Mirah juga menyebut pemerintah masih memiliki PR besar untuk membereskan masalah kenaikan harga pangan yang kerap memberatkan masyarakat.
"Saya minta kepada pemerintah cabut semua peraturan atau regulasi atau kebijakan apa pun yang telah menggerus atau mereduksi atau menghilangkan bahkan memiskinkan rakyat secara menyeluruh. Ini harus dicabut, Permendag nomor 8 tahun 2024, kemudian semuanya aturan-aturan yang sekira kiranya tadi (PPN 12%) memiskinkan rakyat itu dicabut. Ini kan rakyat sudah mulai gelisah gitu. Janganlah sampe kayak gini. Kedua, turunkan harga. Berkali-kali saya bilang turunkan harga-turunkan harga," ujar Mirah kepada KBR, Senin (16/12/2024).

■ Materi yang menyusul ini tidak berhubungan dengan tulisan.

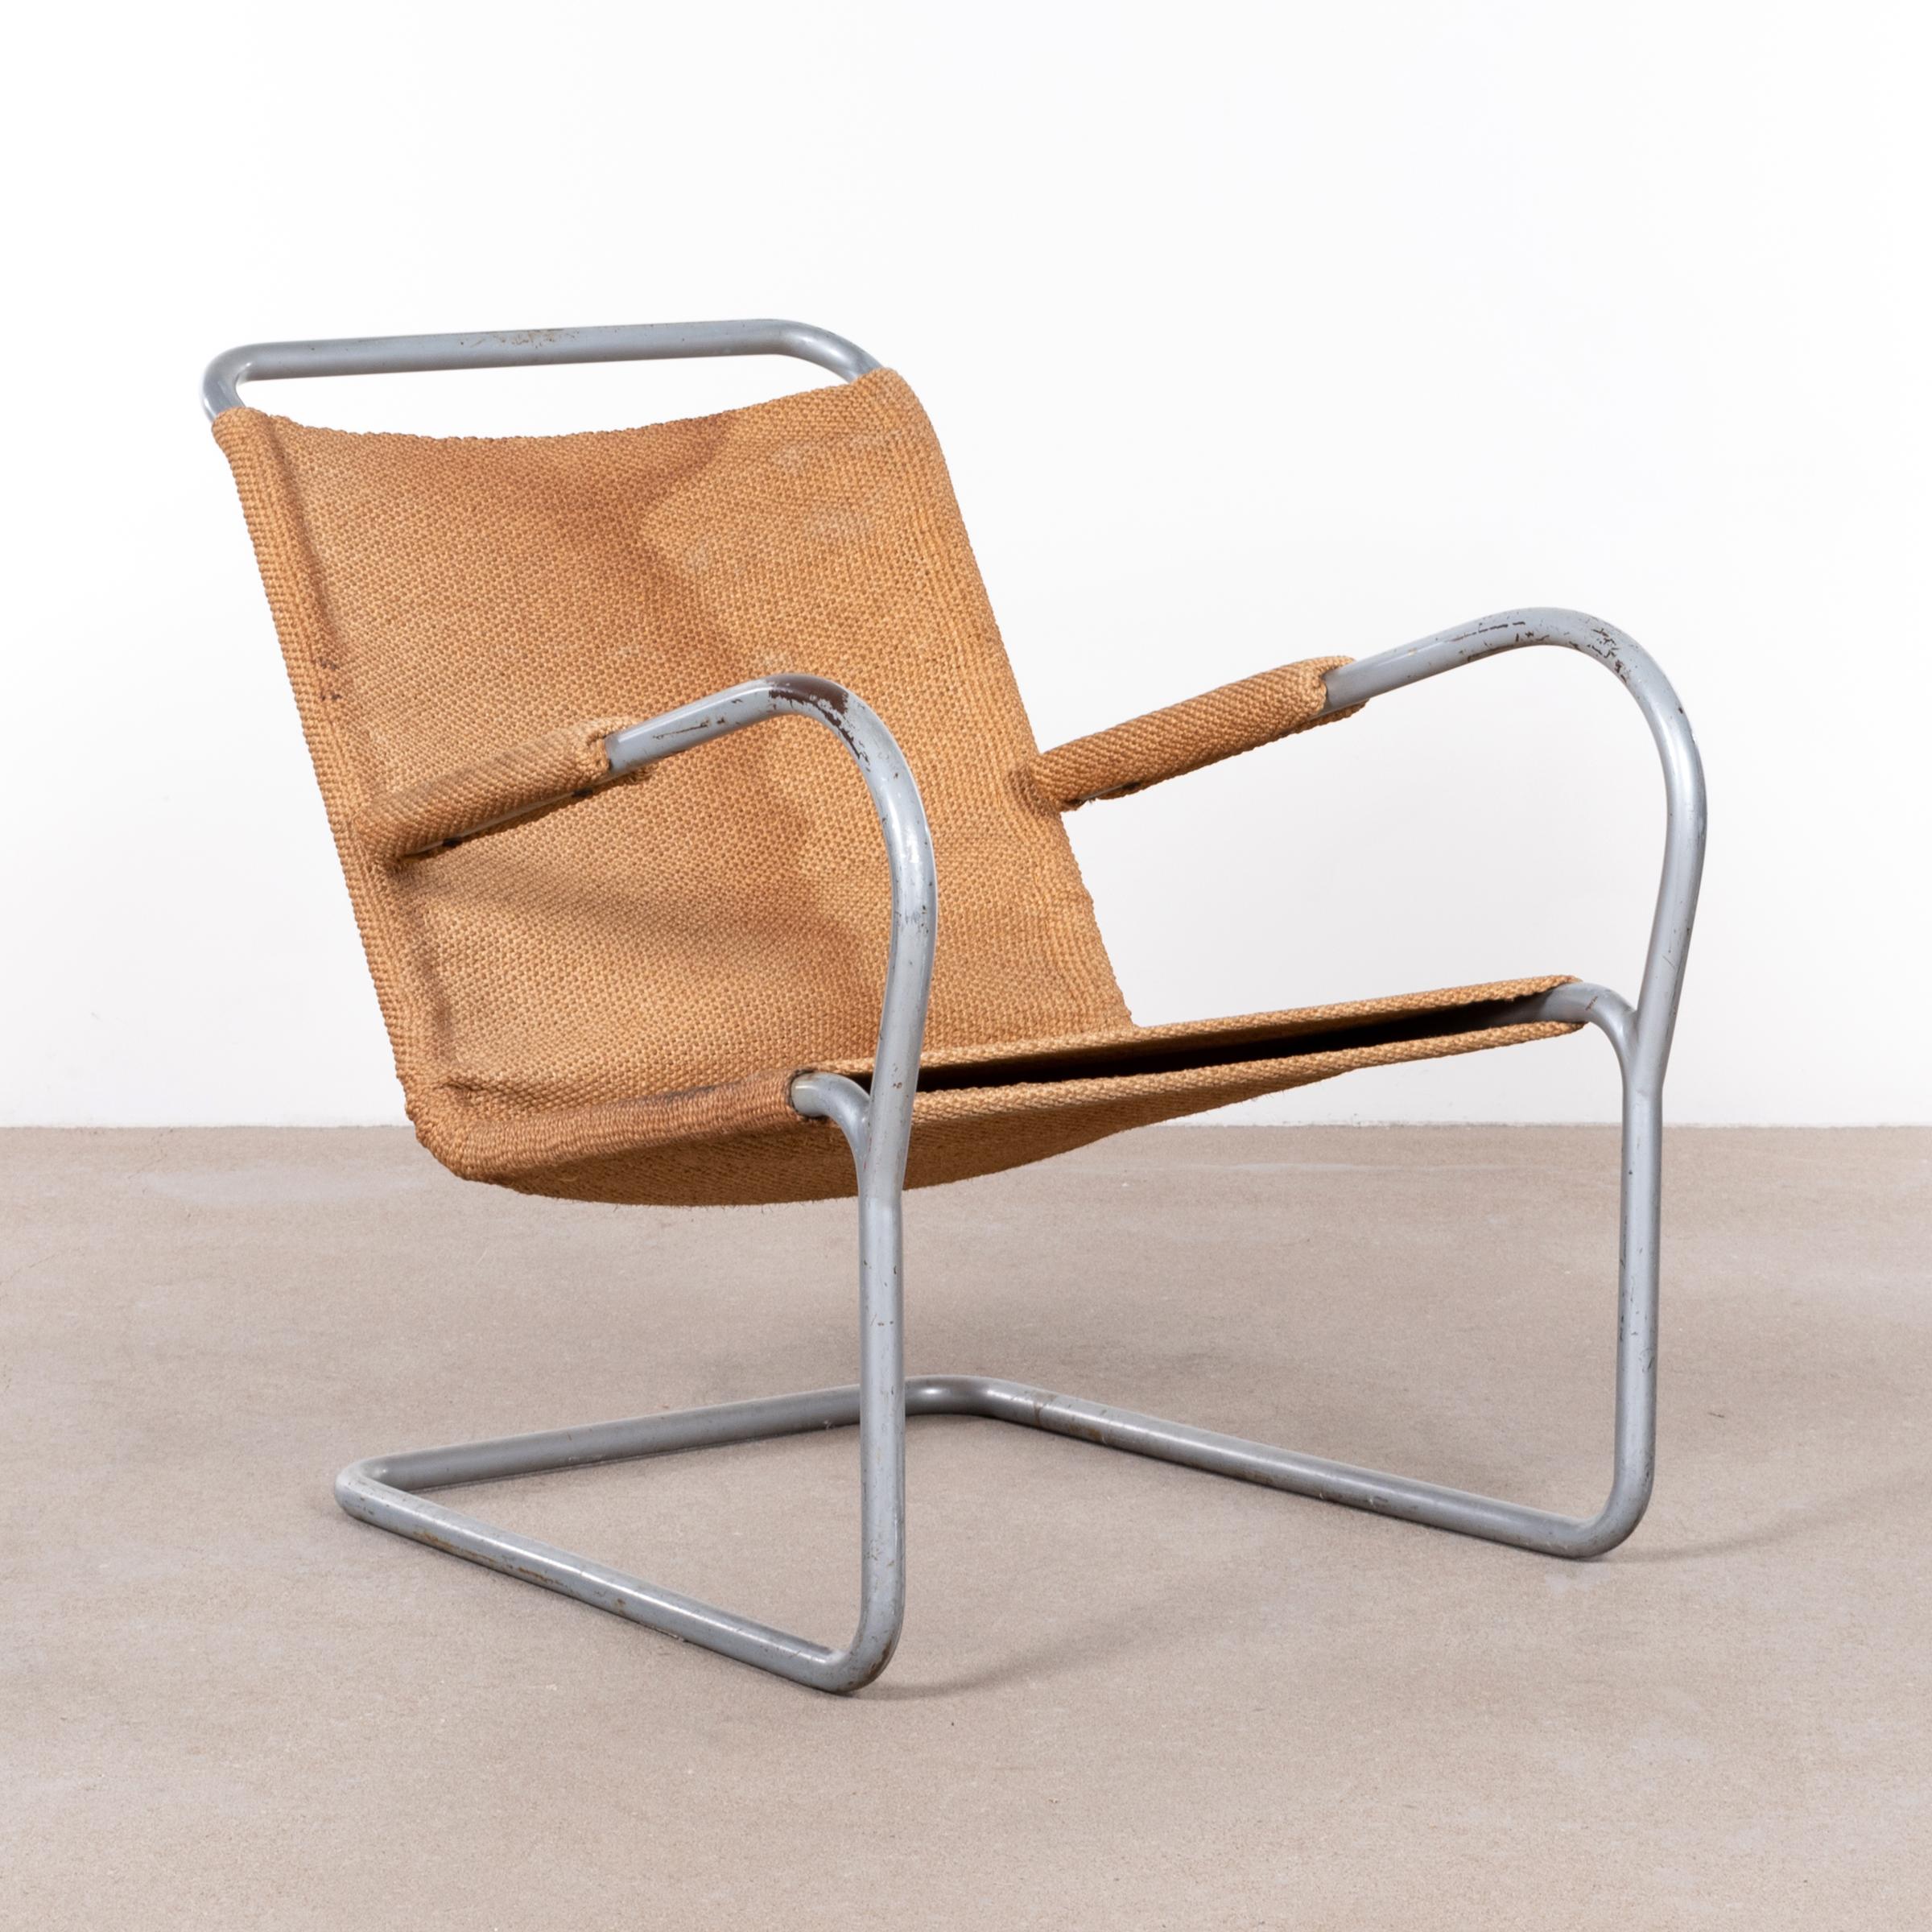 Lounge chair by Bas Van Pelt. Tube steel frame with grey finish and brown burlap upholstery. The lounge chair has a great raw Industrial look and is in used but fair original condition. Rare find!
Chair in collection of Central Museum Utrecht,

Mirah juga mempertanyakan efektivitas paket stimulus ekonomi yang dijanjikan pemerintah. Menurutnya, bantuan pemerintah kerap salah sasaran dan tidak menyentuh masyarakat miskin.
Di lain pihak, ekonom dari CORE Indonesia, Yusuf Rendy Manilet meminta pemerintah mengevaluasi paket stimulus yang akan diberikan pemerintah. Terutama, kebijakan insentif untuk kelompok rentan.
Yusuf Rendi meminta pemerintah memperpanjang durasi bantuan langsung untuk kelompok rentan.
"Beberapa hal yang perlu diperhatikan, terutama kalau kita bicara konteks pemberian insentif yang dimaksud. Hal yang pertama kemudian seperti durasi bantuan yang relatif singkat terutama untuk program seperti diskon tarif listrik dan bantuan pangan yang relatif hanya berlaku 2 bulan. Dan saya kira durasi ini mungkin kurang memadai mengingat dampak kenaikan PPN yang akan berlangsung sepanjang tahun," kata Yusuf kepada KBR, Senin (16/12/2024).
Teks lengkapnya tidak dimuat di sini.